Monday, June 21, 2010

Electronics suck and ruined my 5 mile achievement

Stoopid Electronics. They totally hate me. Just when I thought I got my classic ipod (1st gen) working again, it stops only 1/2 mile into my run today. This is total crap. THEN upon arrival at the Price homestead post 5miles, Paul's Palm Pre decided not to register my total run length today, only my time. I added an additional mile onto the run from yesterday so I KNOW I ran over 5miles, 5.26 precisely, but exactly I am not sure. STUPID GPS, maybe an alien spacecraft was parked illegally in front of the satellite tracking my running distance. I hope that guy got a ticket.

So the entire run I had to listen to myself breathe, breathe like a weirdo and concentrate on how much drier my lips could possibly get and if I breathed any harder I would spit on innocent passers by, now that's collateral damage. Not like wearing two watches is dorky enough (one to see how long it takes and one to switch on and off my stop watch, 5 minutes for running, 1min 30 for walking, rinse and repeat). I did purchase some "iron man" pink sunglasses that are very light weight and block the sun from making me squint even more and making my evil eleven appear 10 years older than I actually am. (Evil eleven are those two vertical lines beside each eyebrow as they meet in the middle at your nose - I look evil or pissed off even when I am happy - years of concern leads to looking angry all the time. Probably keeps people away, which I don't mind, but nonetheless, I am SERIOUSLY contemplating botox and if I had an extra $450 every couple of months I would totally do it)

I digress...

So I think I am spunky keeping to running my 5 minutes and walking 1min 30, with one exception walking 4 minutes as I approach the largest hill of the run I just SIMPLY cannot do, but I make up for it by running for 6 min 30 on the next run and then pushing myself to over 5 miles. Music would really make it all much better, until I can get my ipod situation worked out I am just going to get a cheap MP3 player and fill it with crappy embarrassing songs to run to.

I also fear I have injured myself. It doesn't hurt or bother me when I am running, however, when I stop to walk, it starts to hurt, not bad, no swelling, but just sore. So I am taking Tuesday off from running, getting back at it on Wednesday, hopefully with a renewed desire to kill my 5 miles.

Every time I run, I have pushed myself for some small goal, just to see if I can push it, really get there, really work towards a 5K or even a 10K. Maybe by the end of the summer I could run a 10K - that would be cool. Dad said he used to be able to run 10K in 44 minutes, I am currently running (plus a little walking) 5 miles ( a little over) in 56 minutes I include a warm up walk and a cool down walk each of 3-4 minutes.
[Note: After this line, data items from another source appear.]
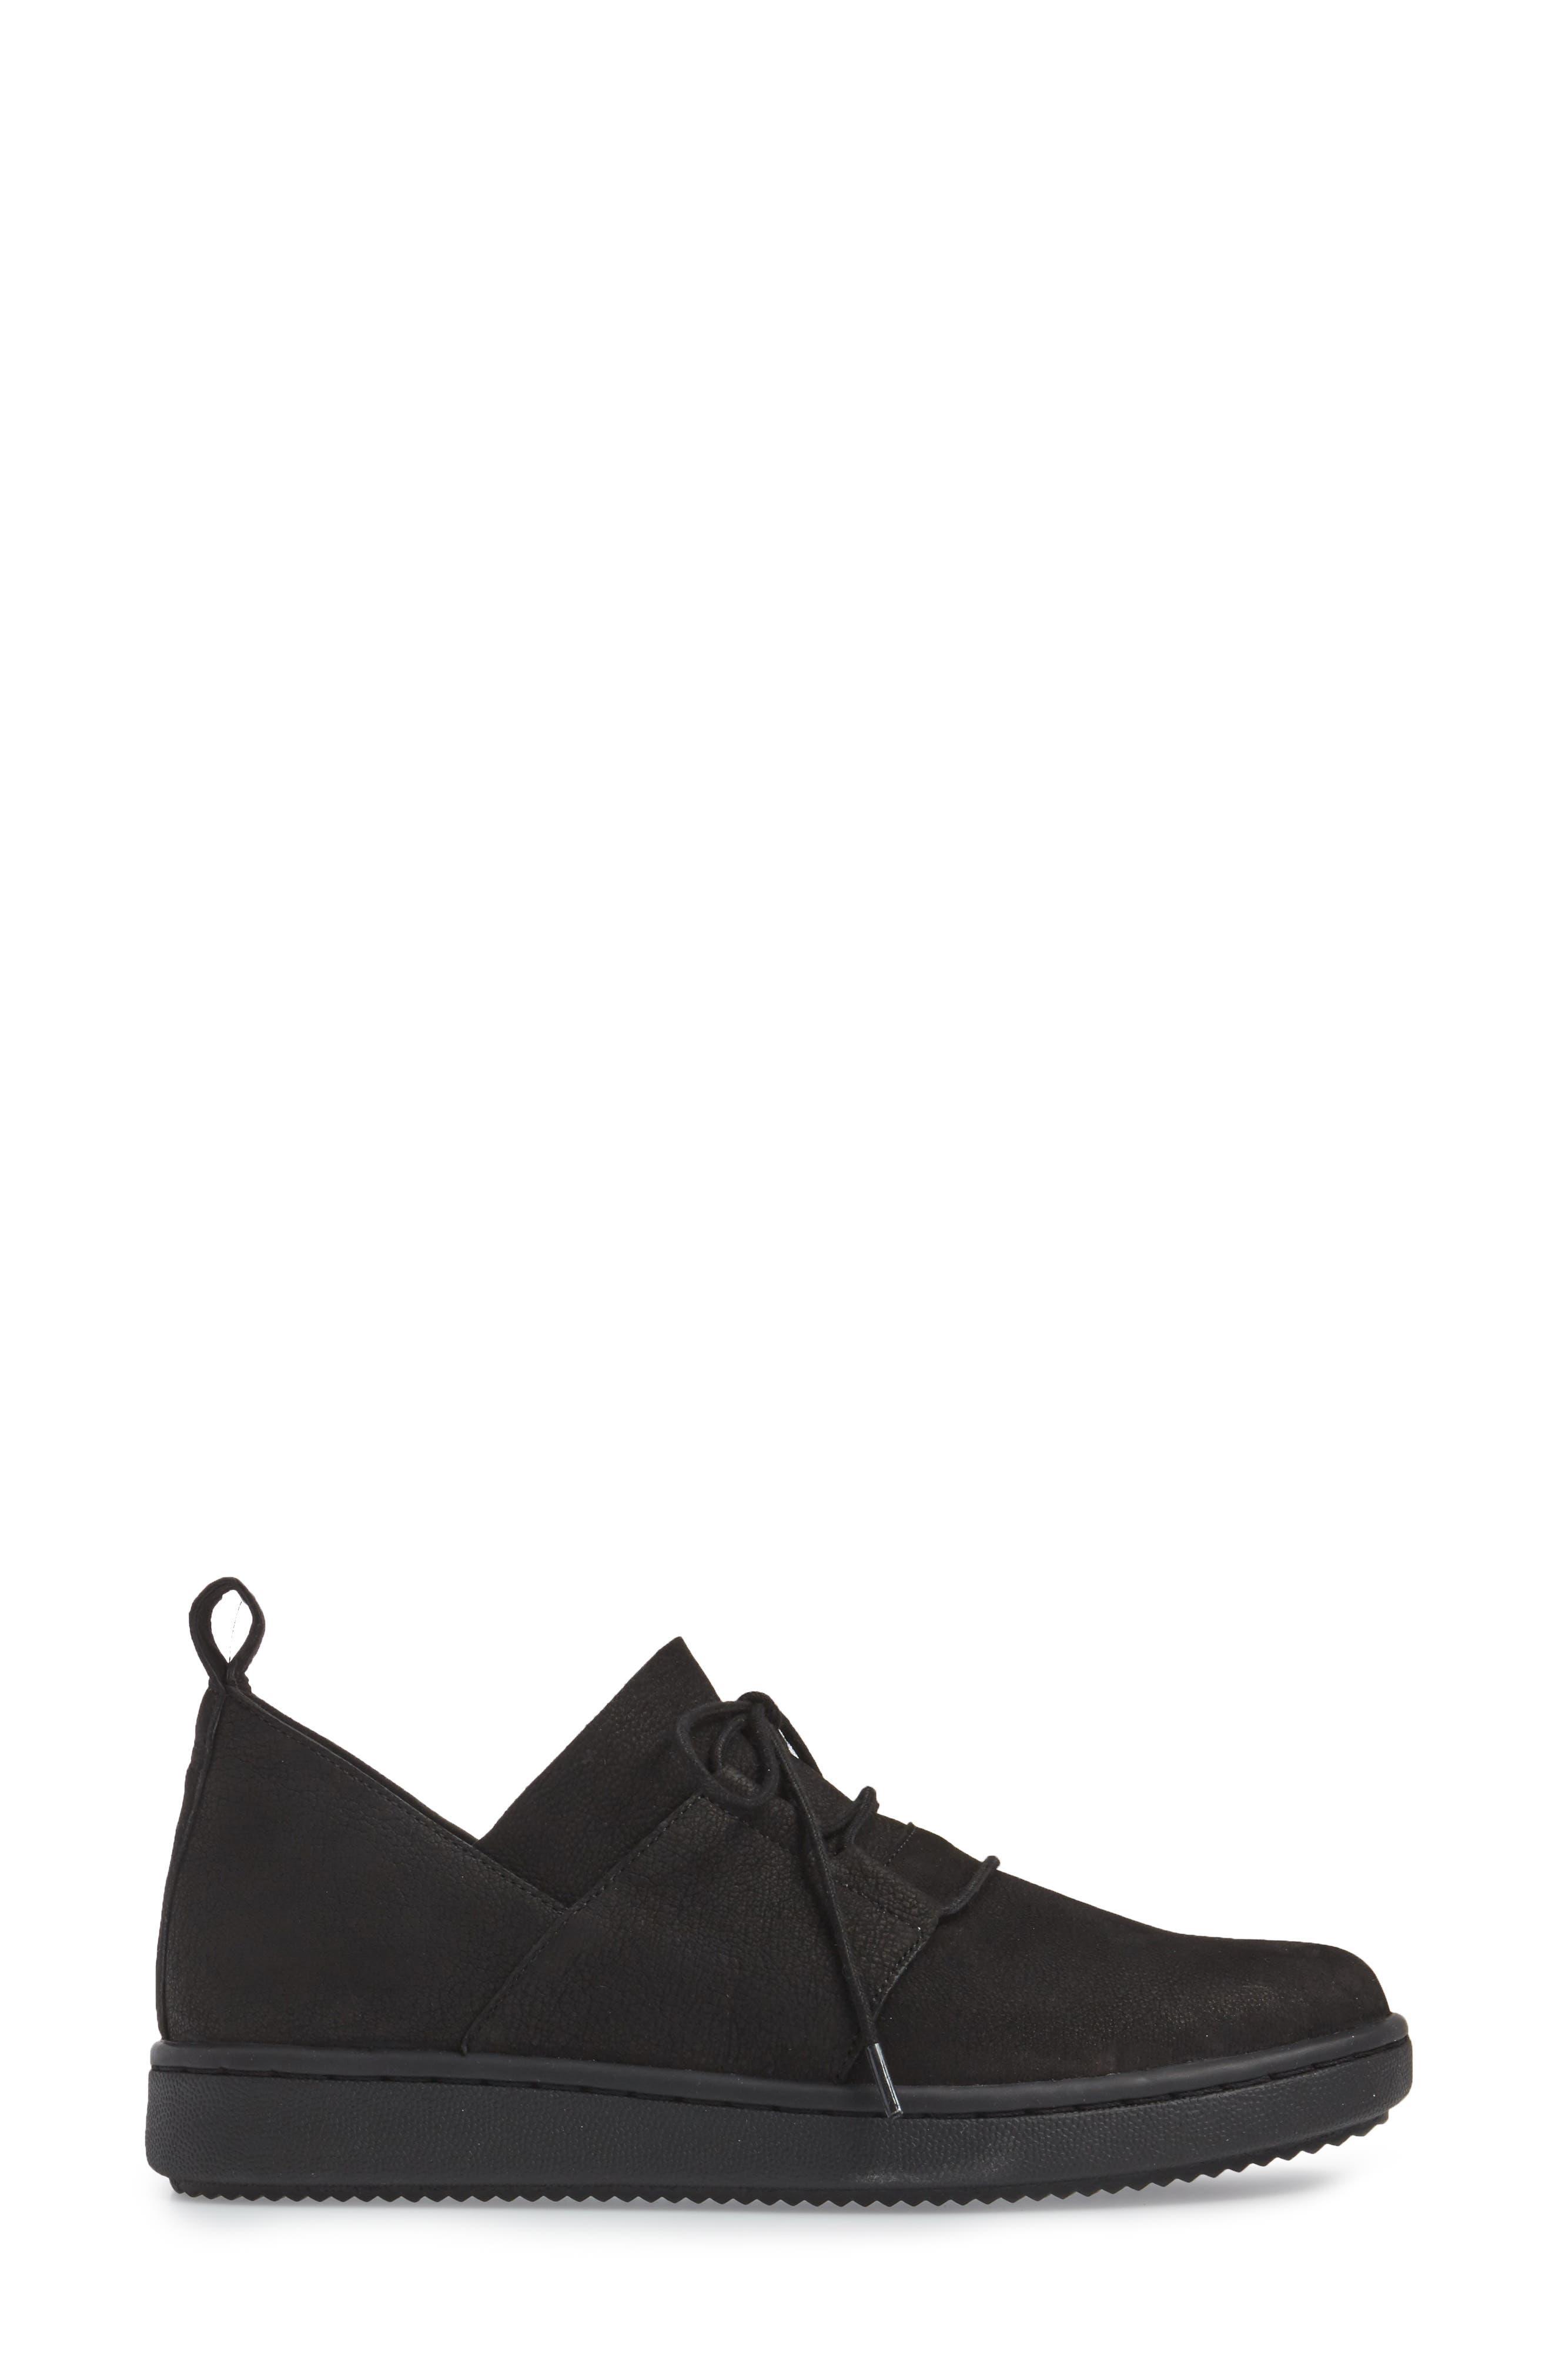 Kipling Sneaker,                             Alternate thumbnail 3, color,                             001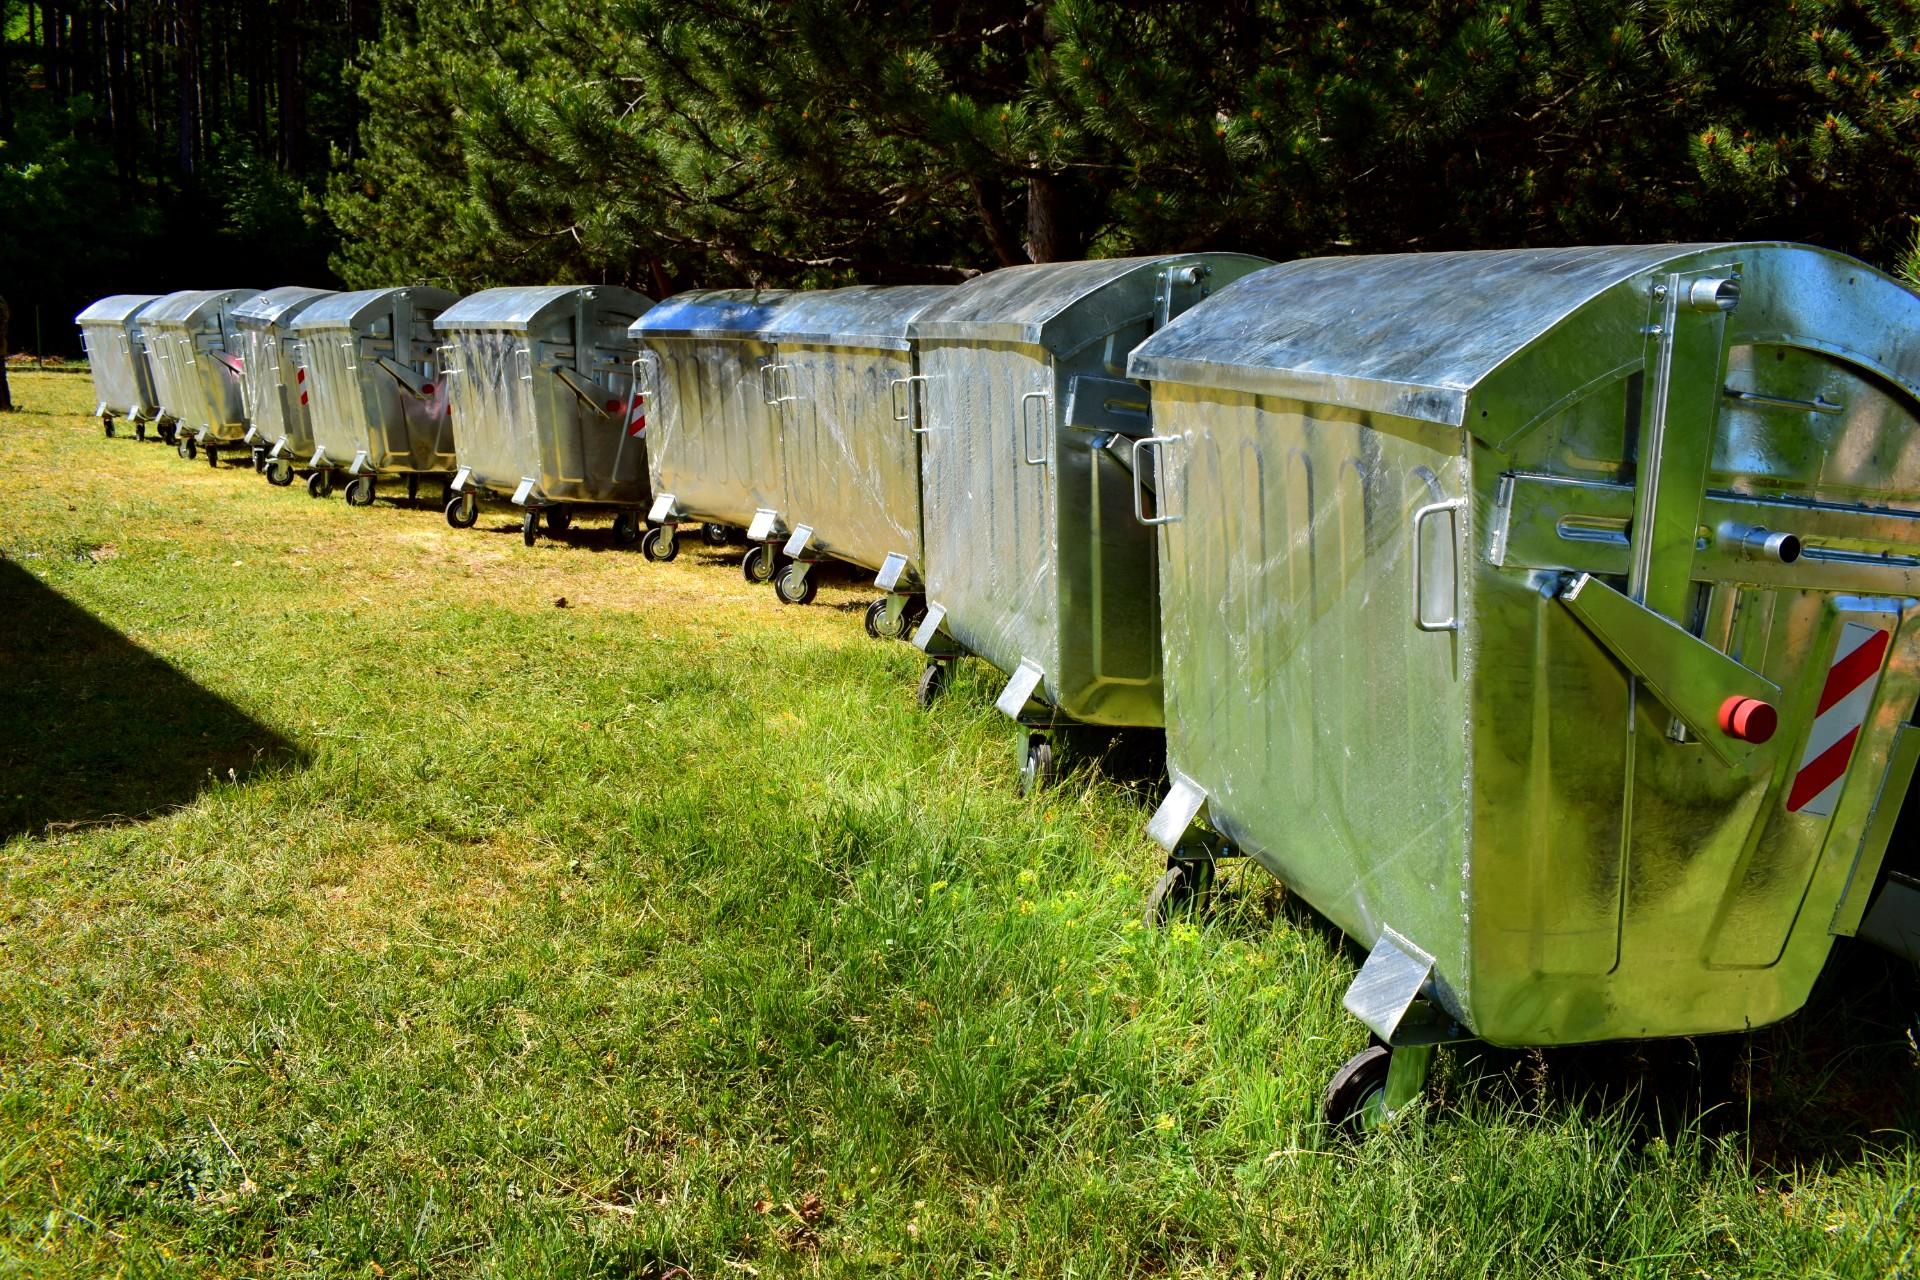 Ќе се прават платформи за контејнери, се уредува просторот околу локациите за фрлање отпад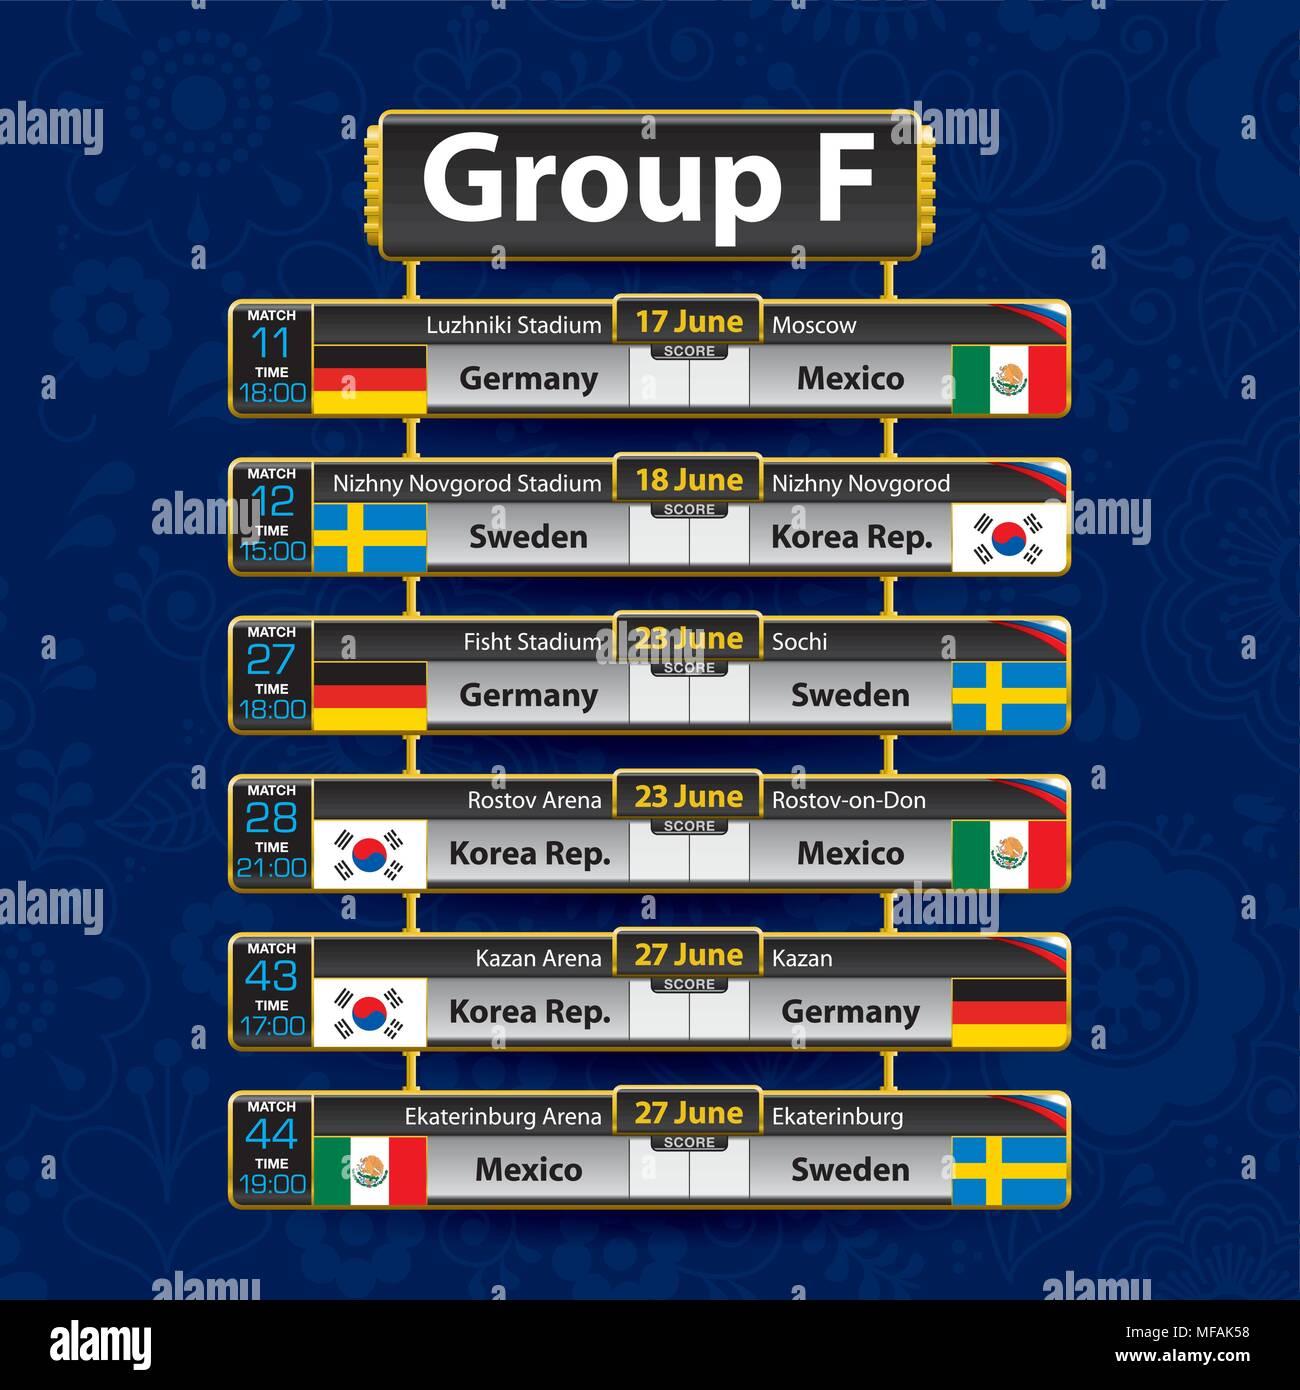 Calendario F.Calendario De Torneos De Futbol De Rusia Grupo F Con La

On a different note, the episode where Peter Griffin on Family Guy turns gay (due to an experimental shot he takes for try to pay off the debt he has incurred from racing a retarded horse that causes injury and devastation during its one and only race) is the funniest FG episode ever. Seth McFarlane, you are comic genius.

Paul has been successfully putting Joseph to bed by 9pm on the nights that I run and it has been blissful. Kudos to Paul for making this work and getting routine into Joseph, he will need it when pre-school starts this fall. Joseph still crawls into bed with us anywhere between 4am and 7am every night, but I am not going to get up at that hour and deal with putting him back to bed. He is only 3 and hell, if he wants to cuddle in the morning, then I am cool with that, he goes to sleep in his bed and spends the majority of each night in his bed and naps in his bed, I am going to allow myself this one thing with Joseph. He woke up Saturday morning putting his arm around me, gently trying to wake me, me gently trying to ignore him, knowing that Sunday was Father's Day and I would have to get up, Joseph said "Mummy, I want you to make me some oatmeal and chocolate milk, please". I said, "Daddy, go make Joseph breakfast" Joseph: "No! Mummy, you make the oatmeal and chocolate milk, you are the best oatmeal cooker." lol. the ONLY thing I can make to anyone's satisfaction. Everything else cooking FAIL.